If I remember right...the electric outlet/tv jack sits in there too. (25 RSS) Maybe a short drawer!


----------



## Y-Guy (Jan 30, 2004)

I went out and looked, it appears I have enough clearance for a normal Outback length drawer in our setup, the current drawers don't go all the way back, looks like they have about 3-4" of a spacer behind them.








Drawer in the closed position, note the extra space behind









Middle drawer open, bottom closed. Need to mount brace supports above the current supports in order to put in drawer glides.

If I wasn't setting up my wifes new laptop I'd head off to Lowe's to find the parts.


----------



## Cats4Nat (Jan 28, 2004)

Definitely send pictures when you finish Y-Guy.

Also in the 25RS-S, I think the bottom open door under bathroom sink is wasted ...it barely clears the toilet and hard to put things in there when hinges on bottom. We dont use it for dirty laundry as it was intended I guess.

We plan to put hinges on left side by tub so door will open like a DOOR!

David


----------



## George and Marg (Feb 20, 2004)

Just completed conversion of tip out drawer on my 2003 25 RSS this weekend. Extended drawer approximately 4 more inches beyond the standard lenght with no difficulty. Given that there are 2 hinges left over, if you are going to modify your bathroom sink cupboard, why not use the left over hinges from the drawer modification.

George and Marg


----------



## KellerJames (Jan 19, 2004)

Not meaning to toot my own horn, but this was the first mod I did on my 21RS. Full length drawer with full extention glides. Works great. Used 1/2" birch plywood and 1/8" mtrl. for the bottom which is rabbited into the side pcs. Just like a real cabinet drawer. I too could not understand why Outback didn't do this at the factory. I'll try to post pics this weekend.

Also in my 21RS, there is a small carpeted step below the rear bed slider. Took that out and made one slightly larger and stained it to match the floor. Carpeted the top which is now hinged for storing shoes, sandles or what ever. I matched the carpet to the forest green colors that are in the Outback. Looks great and works well. Pics this weekend (hopefully).


----------



## aplvlykat (Jan 25, 2004)

thats a good idea on the step, is it alright to copy the idea. Unfortunatly my wife likes the flip down and the bathroom laundry door and will not let me touch them, I am still working on her, one battle at a time.








Kirk


----------



## NDJollyMon (Aug 22, 2003)

I kinda like the tip out...but sometimes when I close it too fast, the things in it just fly out into the drawer below. Maybe I'll attempt to make a drawer.


----------



## NWcamper2 (Mar 28, 2004)

We have a 25 RS-S and were wondering about that step...wondering if it had anything under it... Might as well utilize all available space. 
Our step is fully carpeted. If it's not glued on we could reuse the carpet to use on the top of the box when built. In thinking on it though you could probably use a carpet sample...cheap enough too.
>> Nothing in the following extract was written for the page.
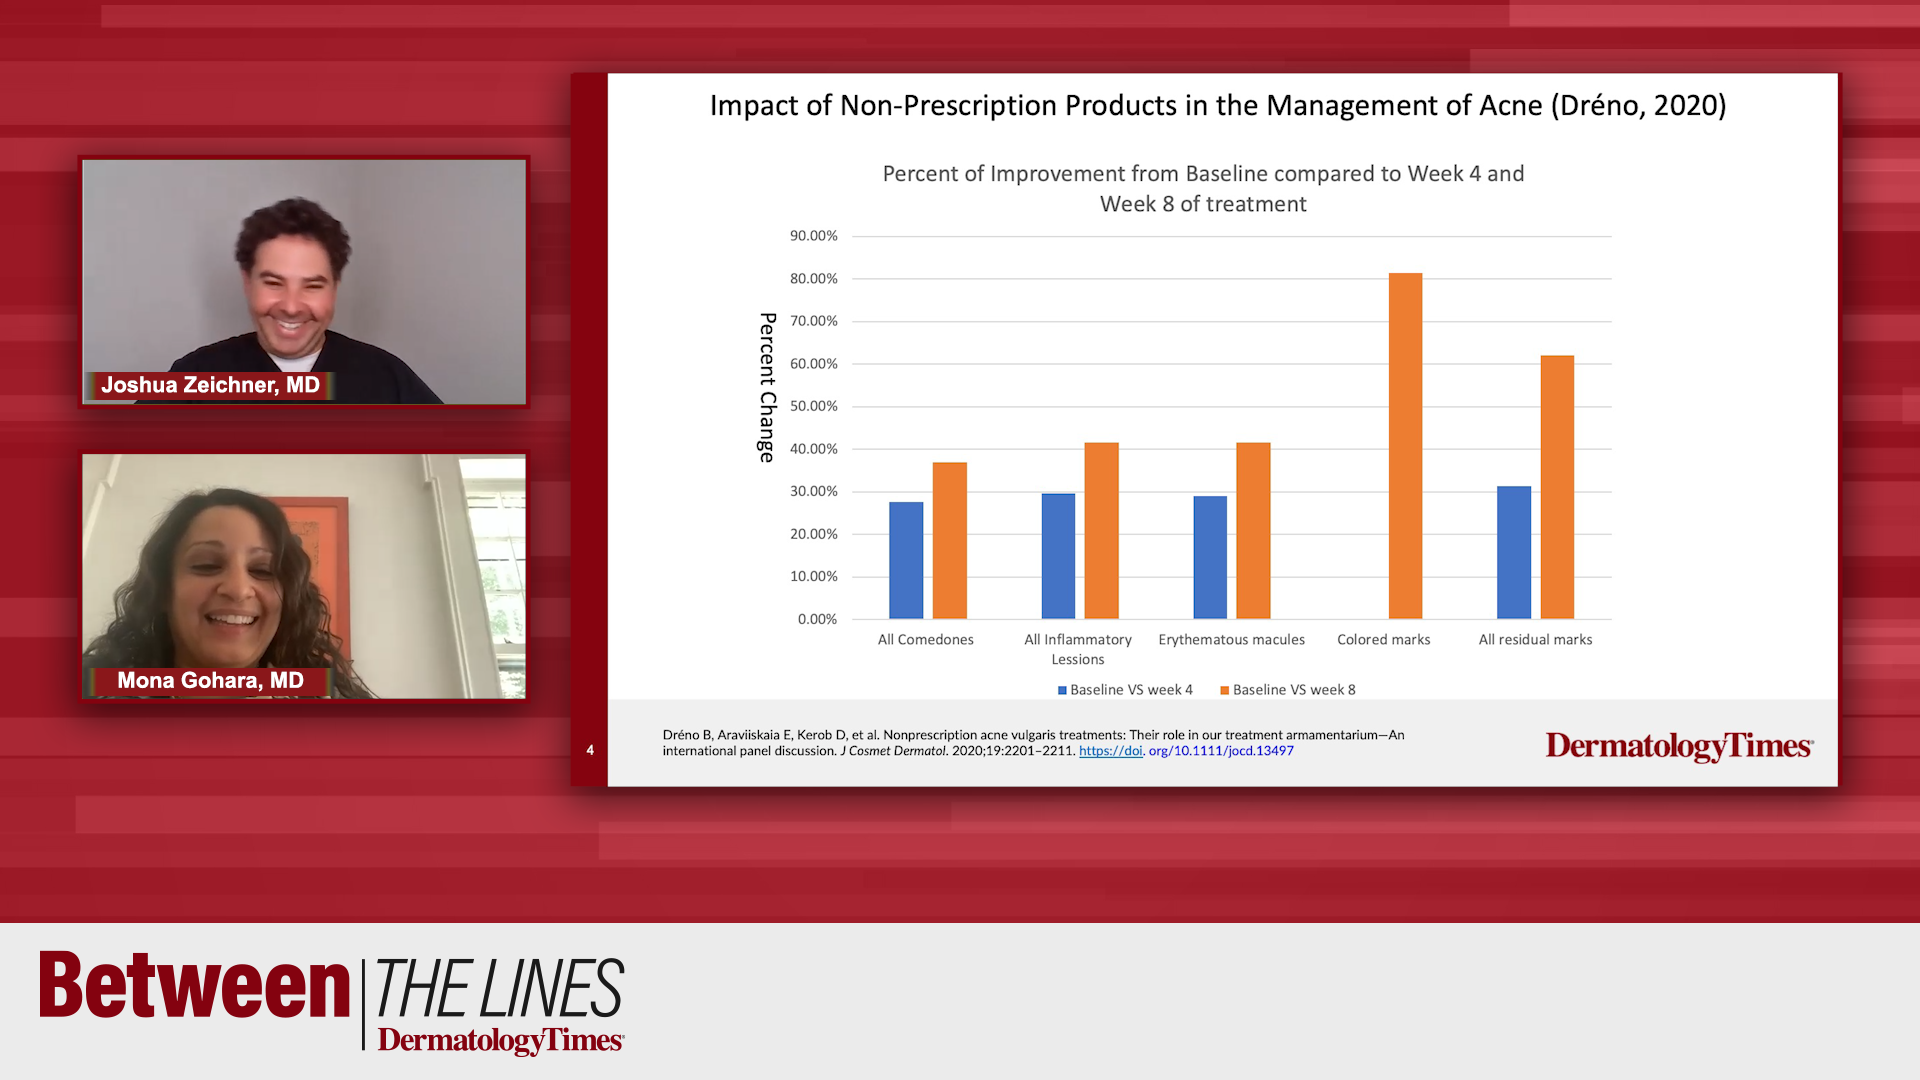 Between the Lines: The Role of Non-Prescription Products in the Management of Acne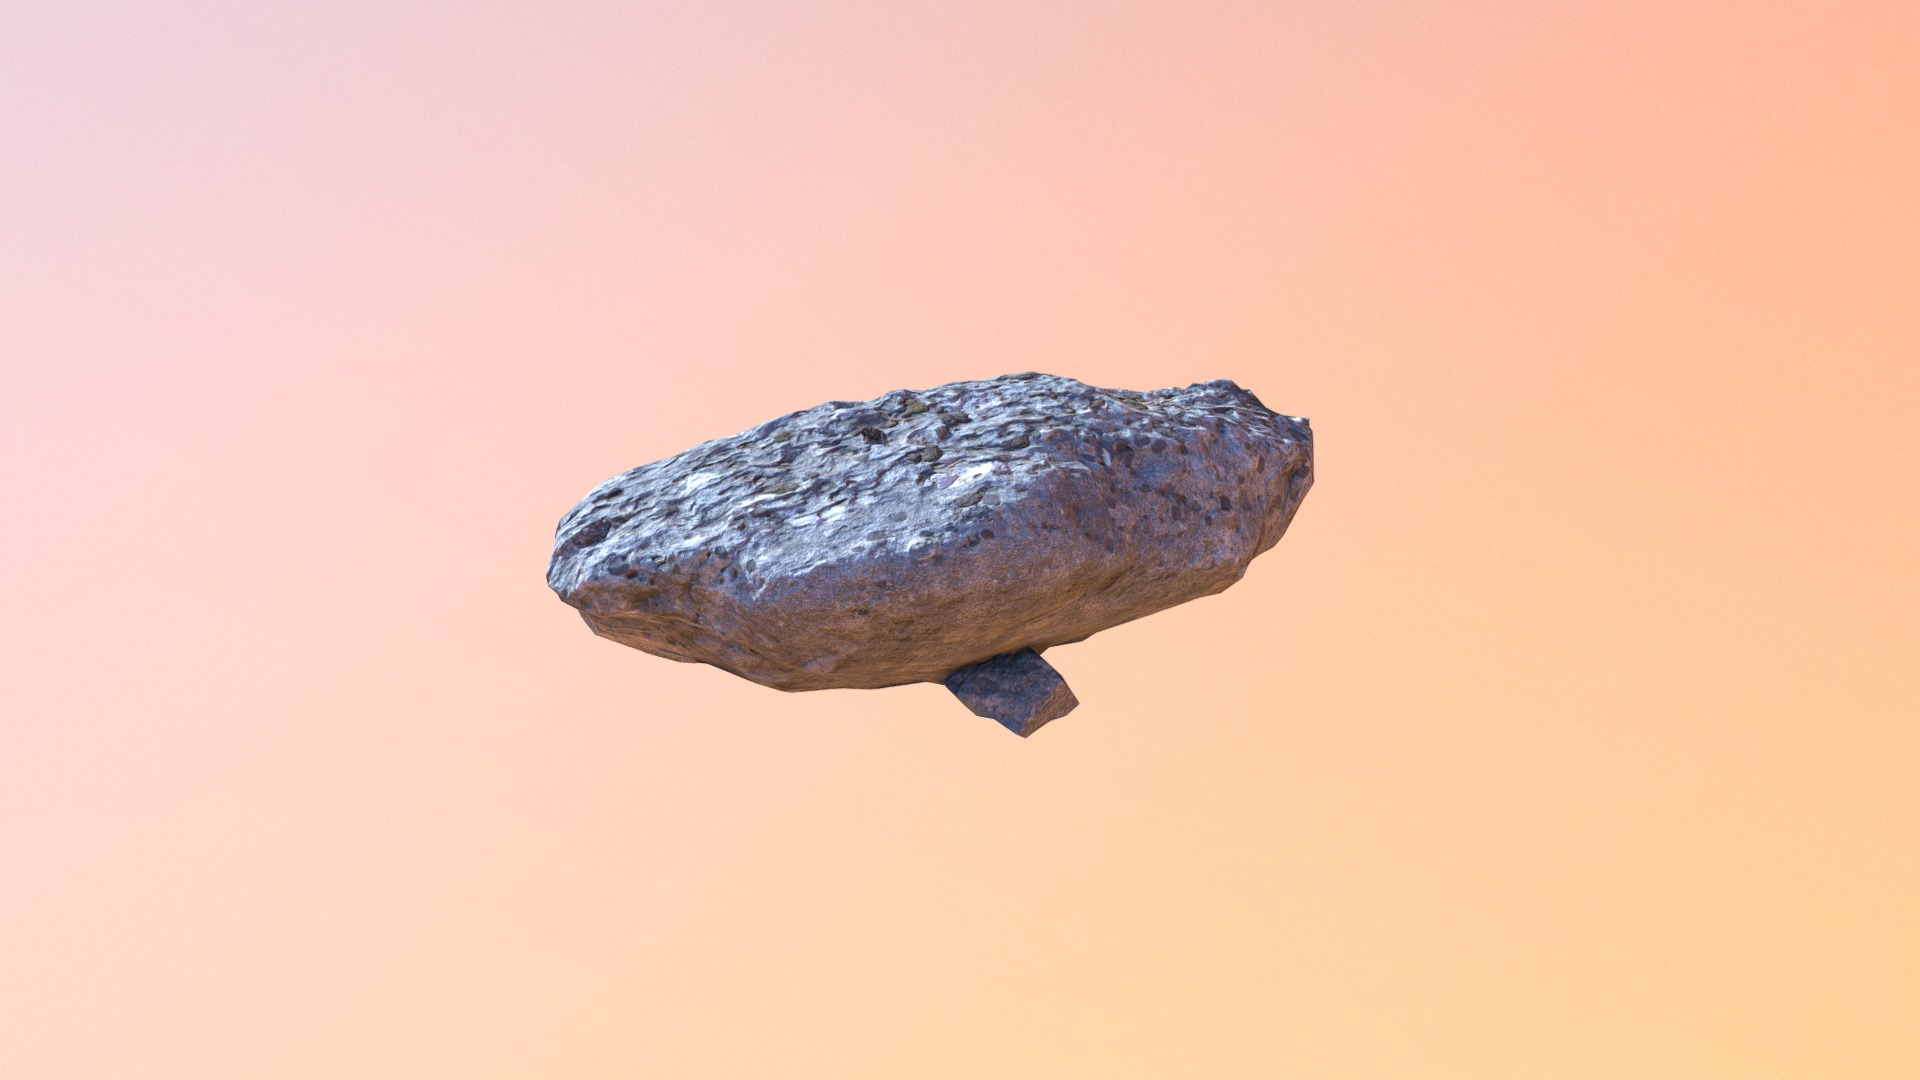 3D model Small Rock - This is a 3D model of the Small Rock. The 3D model is about a blue rock with a dark speckled surface.

How hard was it to pull up? Is there flooring under it?

Have any pics of your converted step? 
TIA


----------



## Y-Guy (Jan 30, 2004)

NWcamper2 said:


> We have a 25 RS-S and were wondering about that step...wondering if it had anything under it...


At least on our 28RSS the step by the queen bed is where the electrical cord is stuffed into when not in use. You could change it and store the plug elsewhere, but it will run you about $75 at Camping World for the conversion plug.


----------



## aplvlykat (Jan 25, 2004)

Hi folks, In the 25RSS the cord goes under the seat for the dinette, so you should be clear in that aspect. I can not think of a thing that is in that area of the box and my wife liked the idea of having some shoe storage. Adding it to the honey do list. kirk


----------



## KellerJames (Jan 19, 2004)

I'm going to try to find time to take pics and post them this weekend.
On our 21RS, there was flooring under the step. After removing enough of the carpeting to see where it was attached, it was just a matter of removing three screws if I remember correctly. and it comes right out. I'm not familiar with your 25RS-S. If the space is already in use for something else. Just reattach the step, glue the carpet back in place and it's like it never happened. There was only floor and wall and unused space under mine. For the carpet, I used a thick, plush bath mat that matched the other forrest green colors exactly. I only carpeted the top, but even if you carpet the whole thing, it doesn't take much mtrl. to do it. Watch for pics this weekend.


----------



## NWcamper2 (Mar 28, 2004)

Thanks, can't wait for the pictures


----------



## Golden Mom (Apr 25, 2004)

Alright, I'm the woman to reply to this








The little flip drawer is great for scissors and a roll of tape.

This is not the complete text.